Небо твоего детства — страница 4 из 10

У меня все похолодело внутри. Неужели согласится? Неужели…

Отец развязал поясной платок и вытер им лицо. Я затаил дыхание.

— Ты что — язык проглотил? Не бойся, если я что-то делаю, значит — уверен. И тебя в обиду не дам. Учти, не каждому от меня такая милость. Так что пользуйся, надо и тебе когда-нибудь в люди выходить.

— Не могу я, — отец говорил глухо, через силу. — Никогда такими делами не занимался. Не получится.

— А, брось ты! — отмахнулся директор. — Сможешь. Бабьи разговоры.

— Нет! Как перед аллахом, говорю: не могу! И не уговаривайте. Вон ягнята — двести пятьдесят штук. Присылайте ревизионную комиссию, пусть по акту примут. А дальше как знаете, так и поступайте.

— А еще мужчиной себя считаешь! — рассердился директор. — Дурака я свалял, что тебе доверился! Знал бы, другого нашел! Тряпка — вот ты кто!

— Не оскорбляйте меня, товарищ директор!

— «Не оскорбляйте…» Да разве ты человек? Человек давно бы сообразил, что к чему, а ты… Ладно. Баранов Мамадазиму передашь. Другую отару примешь. Так уж и быть, возьми себе двадцать ягнят за труды. И — крышка. Чтобы никаких разговоров! Понятно?

— Понятно. — Отец выпрямился и посмотрел директору в глаза: — Теперь меня послушайте. Ни одного ягненка никто не получит. Отару Мамадазиму не сдам. Подыщите порядочного человека, а пока что сам буду пасти.

Я почувствовал, что вот-вот задохнусь. Сердце колотилось, словно выпрыгнуть из груди хотело. От запахов трав першило в горле. Скорее бы все кончилось!

— Ого! — Директор от удивления даже попятился. — Вот ты какой, оказывается? На директора голос повышаешь? Жевал-жевал, а теперь выплевываешь? Ну нет, братец! Я тебя живо образумлю! Завтра же упеку, куда следует! Думаешь, не знаю, что ты триста приблудных овец в совхозном стаде пасешь?!

— Не пугай! Боялись тебя! Думаешь, сам жулик, значит, все жулики? Ошибаешься! Двести ягнят одним махом проглотить задумал? Реза Пехлеви нашелся! Разжирел на краденых харчах, а туда же — пугает.

— А ну, замолчи! Замолчи, говорю! Не хватало мне с такими, как ты, пререкаться!

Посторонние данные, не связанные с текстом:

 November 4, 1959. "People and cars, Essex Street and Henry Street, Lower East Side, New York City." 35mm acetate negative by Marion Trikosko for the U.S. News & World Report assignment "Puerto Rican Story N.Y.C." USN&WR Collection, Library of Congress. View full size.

— А что? Или ты святой? Или рога у тебя есть? Покажи, где они? — Отец уже кричал, мне казалось, это крики разносятся по всему ущелью. — Взяточник несчастный! И нечего меня тюрьмой стращать! Я и перед людьми чист, и перед совхозом, и перед государством. Не то что ты!

— Да заткнешься ты, наконец, скотина неграмотная?! Чего разорался на всю степь? Заткнись, говорю! — визжал директор. — Замолчи, а не то!..

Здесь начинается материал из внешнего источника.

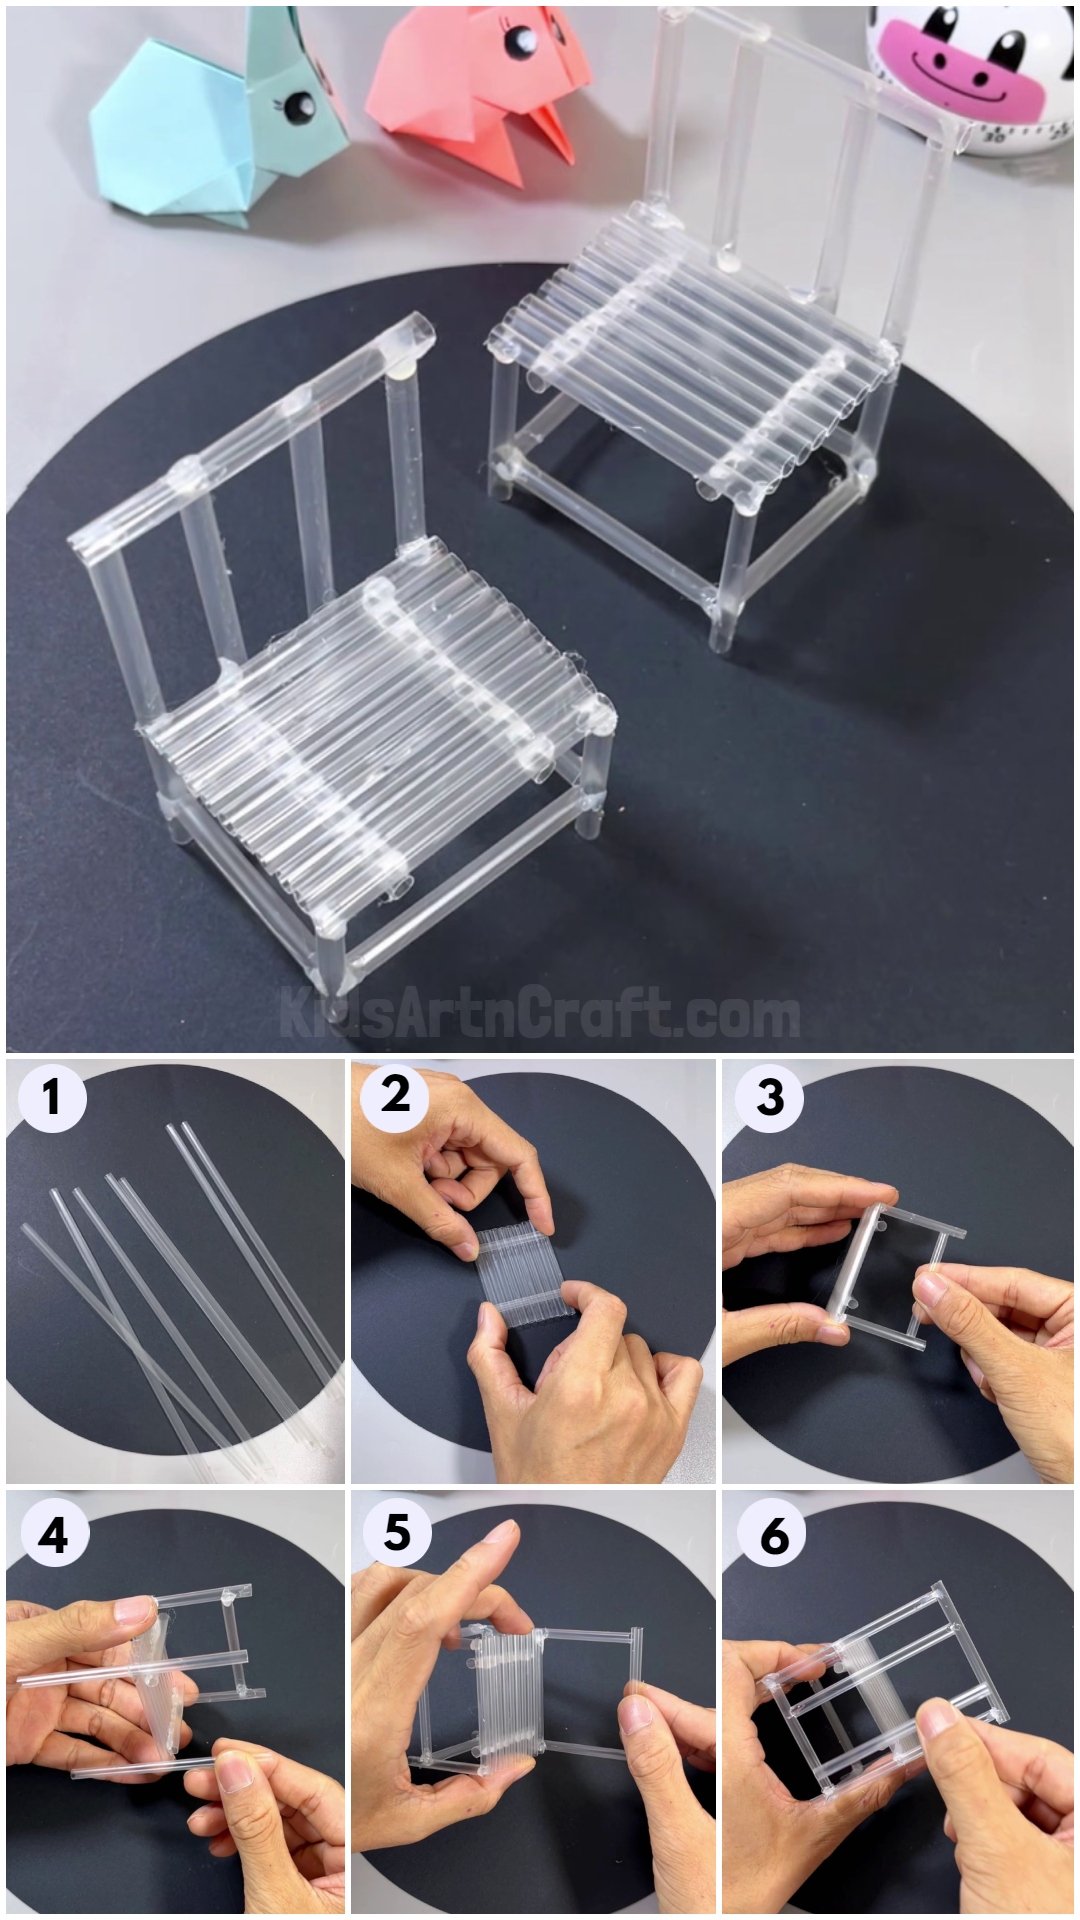 Miniature Chair and Table Using Drinking Straws

Но отца уже ничто не могло остановить.

— Неграмотный, говоришь? Может, и так. Зато не вор, не взяточник, не хапуга. Ты — грамотный? На каких курсах тебя воровству обучали?! Где?..

Отец не договорил. Директор размахнулся и занес над отцом кулачище.

Солнечный день померк в моих глазах.

— Не смей! — закричал я не своим голосом, бросаясь к директору. — Не смей бить папу!

Я вцепился в директора, стараясь оттащить его в сторону. Он оскалился и отшвырнул меня, как котенка. Я готов был убить его. Я бы убил его, если б смог. Я слал ему проклятия, но небо не обрушилось на голову директора совхоза. И когда он торопливо уходил в сторону кочевья, в спину ему светило все то же яркое весеннее солнце и ветерок, как ни в чем не бывало, посвистывал в стебельках трав.

И тогда я громко заплакал. Давясь слезами и чувствуя, как судорога больно сжимает мне горло, побежал к кочевью, спотыкаясь и падая.

«Волги» уже не было. По дороге, лениво пыля, ехал молоковоз. Я поднял руку. Шофер затормозил, открыл дверцу. Я сказал, что отец послал меня в кишлак по срочному делу. Шофер кивнул, помог мне взобраться на сиденье и захлопнул дверцу. И я уехал в кишлак, к маме. Впервые уехал, не спросившись у отца…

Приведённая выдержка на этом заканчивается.